◆ **Exercise prompt**: Restate word for word the lines of the data below, from the first through the one that has "Verruga plana es".

Saved entries
□ □ □ □ □

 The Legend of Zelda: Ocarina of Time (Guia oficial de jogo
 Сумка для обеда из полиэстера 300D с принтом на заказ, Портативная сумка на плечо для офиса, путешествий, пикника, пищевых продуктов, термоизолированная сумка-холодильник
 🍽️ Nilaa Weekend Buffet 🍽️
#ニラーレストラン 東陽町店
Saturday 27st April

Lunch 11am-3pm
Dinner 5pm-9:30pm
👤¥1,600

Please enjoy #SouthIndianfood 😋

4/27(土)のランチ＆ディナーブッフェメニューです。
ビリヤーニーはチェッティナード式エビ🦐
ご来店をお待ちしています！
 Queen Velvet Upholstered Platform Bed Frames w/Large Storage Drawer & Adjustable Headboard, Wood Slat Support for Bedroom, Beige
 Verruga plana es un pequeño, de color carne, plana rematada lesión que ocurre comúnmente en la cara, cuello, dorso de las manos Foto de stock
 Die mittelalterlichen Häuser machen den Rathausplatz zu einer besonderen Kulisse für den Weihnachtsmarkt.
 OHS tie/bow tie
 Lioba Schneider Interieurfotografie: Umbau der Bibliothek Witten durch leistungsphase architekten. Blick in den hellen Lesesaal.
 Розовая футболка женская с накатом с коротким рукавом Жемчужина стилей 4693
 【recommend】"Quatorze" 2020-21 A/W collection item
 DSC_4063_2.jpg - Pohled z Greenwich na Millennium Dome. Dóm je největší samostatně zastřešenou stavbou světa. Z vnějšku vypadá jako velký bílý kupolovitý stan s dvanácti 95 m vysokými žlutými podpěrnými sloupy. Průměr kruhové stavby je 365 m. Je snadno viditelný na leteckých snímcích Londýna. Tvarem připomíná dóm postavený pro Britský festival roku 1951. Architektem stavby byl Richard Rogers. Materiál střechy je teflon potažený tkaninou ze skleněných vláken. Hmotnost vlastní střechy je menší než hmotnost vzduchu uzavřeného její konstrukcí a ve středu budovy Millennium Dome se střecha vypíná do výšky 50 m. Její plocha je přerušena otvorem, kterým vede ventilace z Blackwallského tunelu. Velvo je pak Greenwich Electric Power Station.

□ □ □ □ □

◆ **Exercise result**:
 The Legend of Zelda: Ocarina of Time (Guia oficial de jogo
 Сумка для обеда из полиэстера 300D с принтом на заказ, Портативная сумка на плечо для офиса, путешествий, пикника, пищевых продуктов, термоизолированная сумка-холодильник
 🍽️ Nilaa Weekend Buffet 🍽️
#ニラーレストラン 東陽町店
Saturday 27st April

Lunch 11am-3pm
Dinner 5pm-9:30pm
👤¥1,600

Please enjoy #SouthIndianfood 😋

4/27(土)のランチ＆ディナーブッフェメニューです。
ビリヤーニーはチェッティナード式エビ🦐
ご来店をお待ちしています！
 Queen Velvet Upholstered Platform Bed Frames w/Large Storage Drawer & Adjustable Headboard, Wood Slat Support for Bedroom, Beige
 Verruga plana es un pequeño, de color carne, plana rematada lesión que ocurre comúnmente en la cara, cuello, dorso de las manos Foto de stock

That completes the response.